It’s rare for the SFC to discuss a probe before a formal prosecution is launched. It came hours after Li Hejun, founder and principle shareholder of Hanergy, gave an interview to the Xinhua news agency saying that he wasn’t aware of any probe into the stock and that if there was one he should know.
“It’s unusual because all SFC investigations are supposed to be confidential and everybody under investigation has a secrecy obligation,” said Eric Seto, a partner at Morley, Chow, Seto Solicitors, who works on criminal SFC prosecution cases.
Hanergy is under the spotlight after its shares crashed on May 20, tumbling almost 50 percent in about half an hour before trading was suspended. The company’s market value at one point before the plunge exceeded HK$300 billion (USD39 billion) more than the value of household names such as Sony Corp. and
The SFC has broken its silence on at least one other occasion, in March 2009 when it announced an ongoing investigation into the trading of HSBC Holdings PLC shares.
Li has drawn criticism for skipping Hanergy’s annual general meeting in Hong Kong on the day of the crash in favor of delivering a speech at the opening of a solar exhibition center in Beijing.
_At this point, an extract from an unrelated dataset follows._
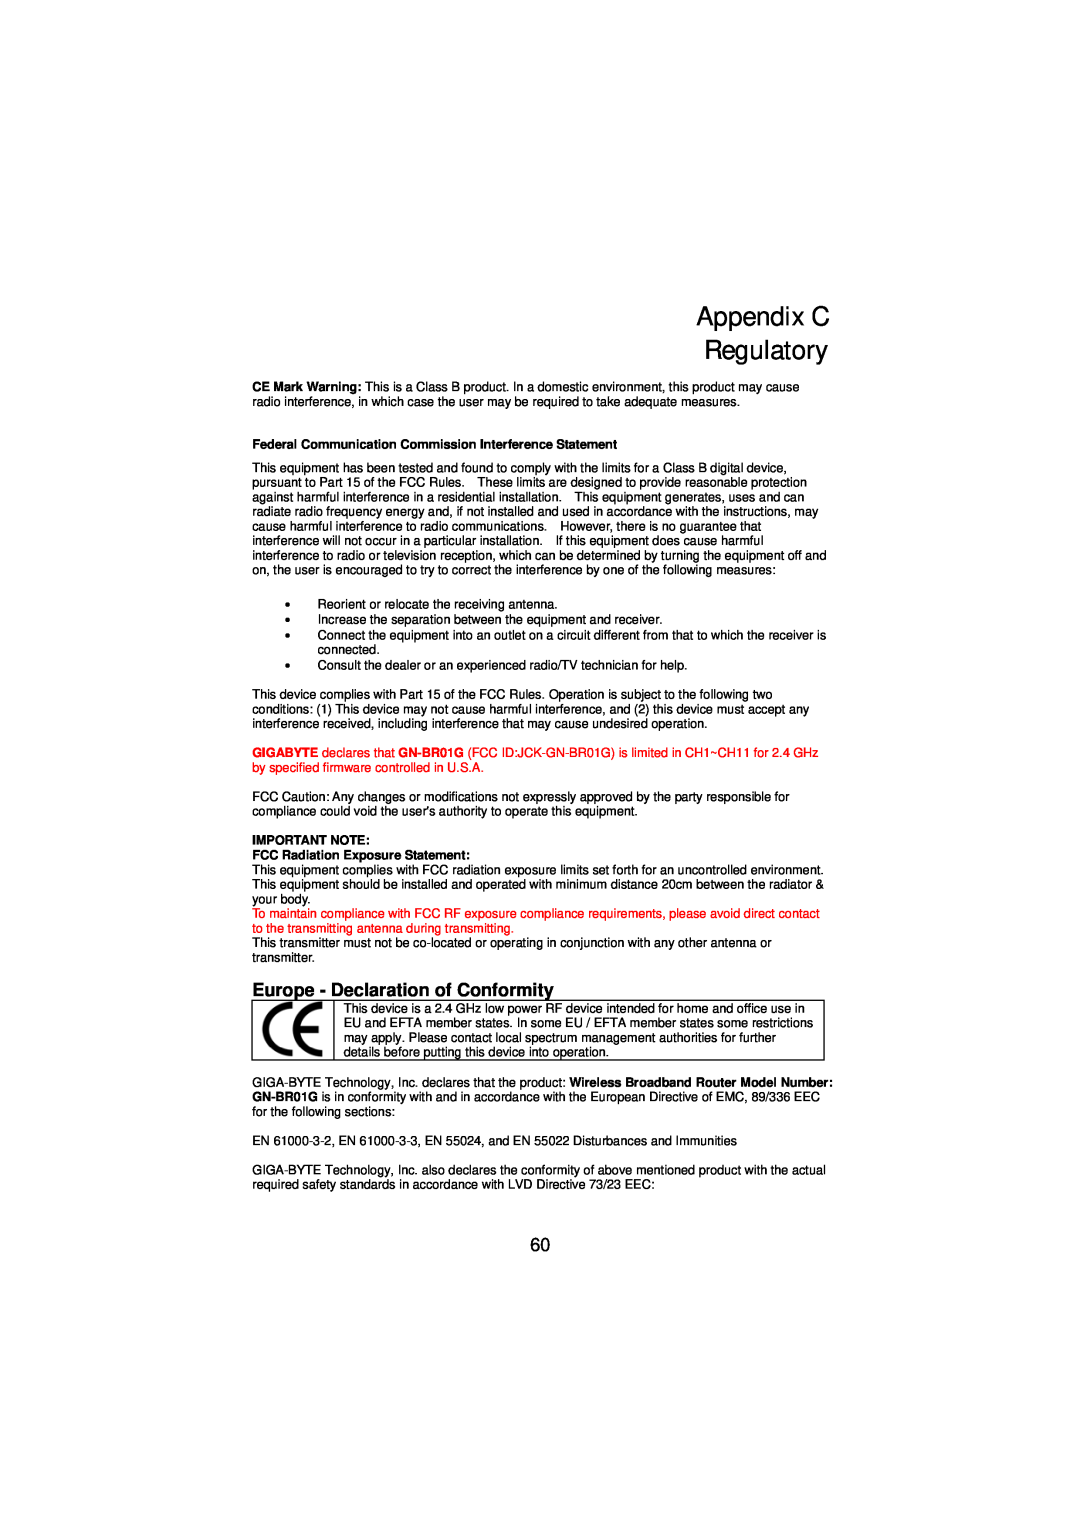 Gigabyte GN-BR01G manual Appendix C Regulatory, Europe - Declaration of Conformity

Even before Hanergy Thin Film’s shares plunged, the solar manufacturer’s business model was under scrutiny. Hanergy makes thin-film solar panels using equipment from Hanergy Thin Film. In January, the Financial Times newspaper questioned why the bulk of Hanergy Thin Film’s sales were to the Beijing-based parent, Hanergy Holding Group Ltd.
Trading patterns in Hanergy’s shares, the company’s production levels, borrowings and relationships with lenders have also been questioned.
Hanergy’s shares are currently halted in Hong Kong, and Hanergy Thin Film has yet to officially address the decline.
Even with Hanergy’s decline, the company is still valued at HK$163 billion, more than four times bigger than First Solar Inc., the biggest U.S. solar company using thin-film technology. First Solar and Japan’s Solar Frontier K.K. dominate the market for thin-film solar cells.
In an interview in March, Li called the company’s investments cautious and said the run-up in the stock was validation of the solar-maker’s focus on a new era of mobile energy.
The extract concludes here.